Tech

Demand for low-cost laptop processors is plummeting, and not because of chip shortages

How did we get here? The pandemic has triggered worldwide work orders and homeschooling, resulting in huge demand for affordable education-focused models like the Chromebook. As we return to normalcy, the demand for such products is rapidly dwindling. Yet not many expected it to happen so suddenly.

We now have additional evidence pointing to a shrinking low-cost laptop market.

Mercury Research (via PCMag) said the PC industry just experienced its largest drop in notebook processor shipments from the previous quarter. Third-quarter shipments fell more than 18 million units from the previous quarter, according to the PC component market research company.
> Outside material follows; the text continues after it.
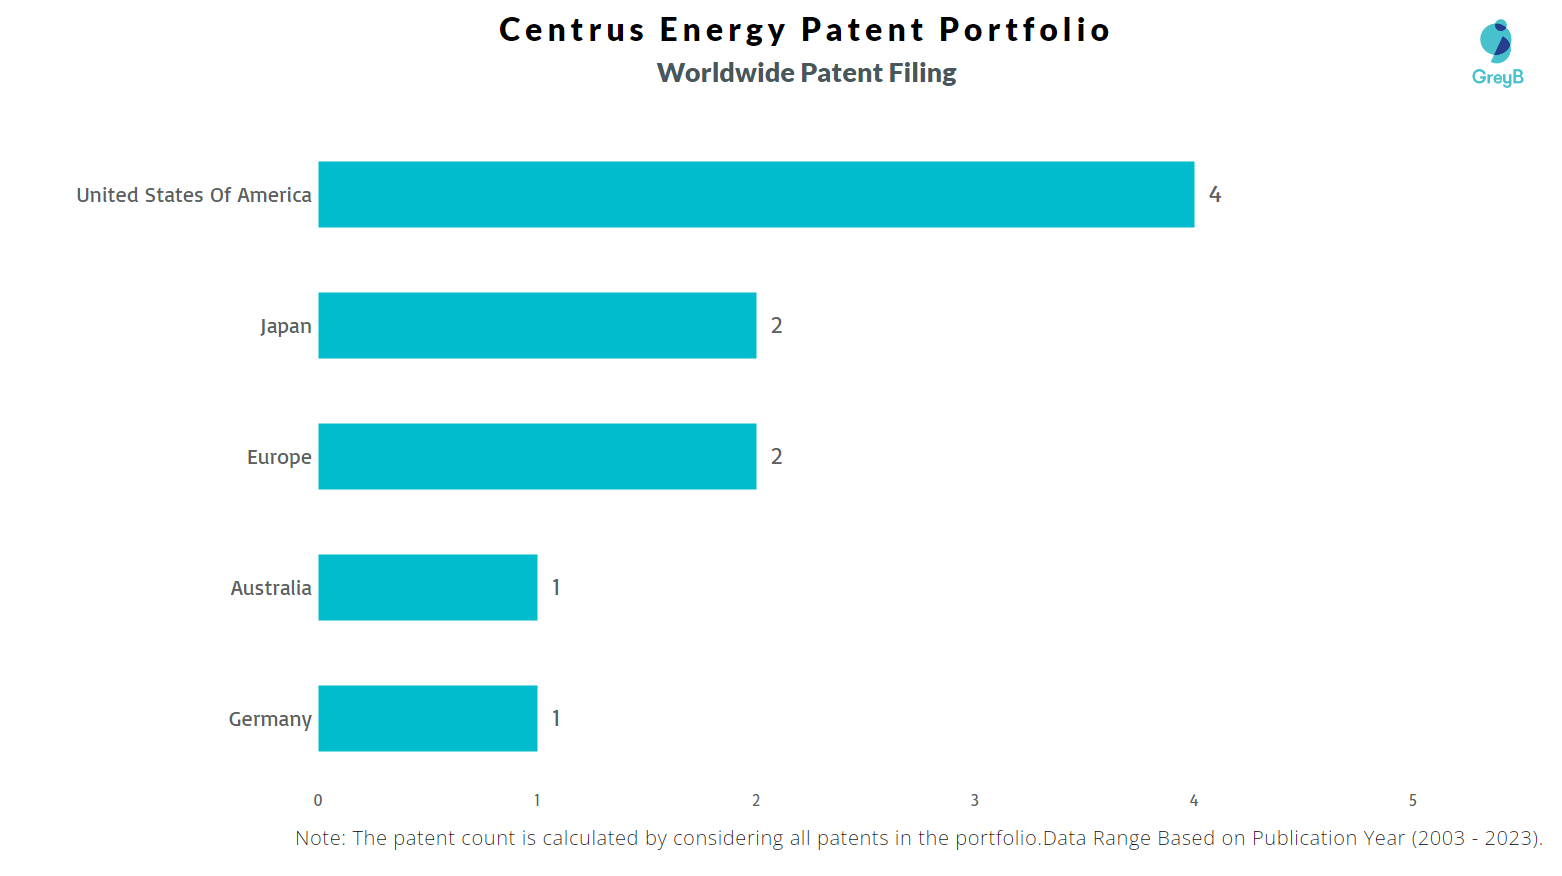 Centrus Energy Worldwide Patent Filing

Entry-level chips such as the Intel Celeron and AMD Athlon were among those hit hardest by the drop in demand. Mercury Research President Dean McCarron called this scenario the worst quarterly downturn for mobile processors in the history of the PC processor market.

In an email to the address PCMagMcCarron said the decline in entry-level processor shipments is not related to the ongoing global shortage of chips. Instead, he pointed to declining demand for entry-level laptops like the Google Chromebook.

McCarron told PCMag that some pullback is expected, but the return to pre-Covid volumes was instantaneous, not gradual.

Mercury’s results are in line with what we heard from Canalys earlier this week, when the company said Chromebook shipments fell 52% qoq and 37% yoy to 5.8 million devices in the third quarter. Tablet shipments also fell 15 percent in the last quarter to 37.7 million units.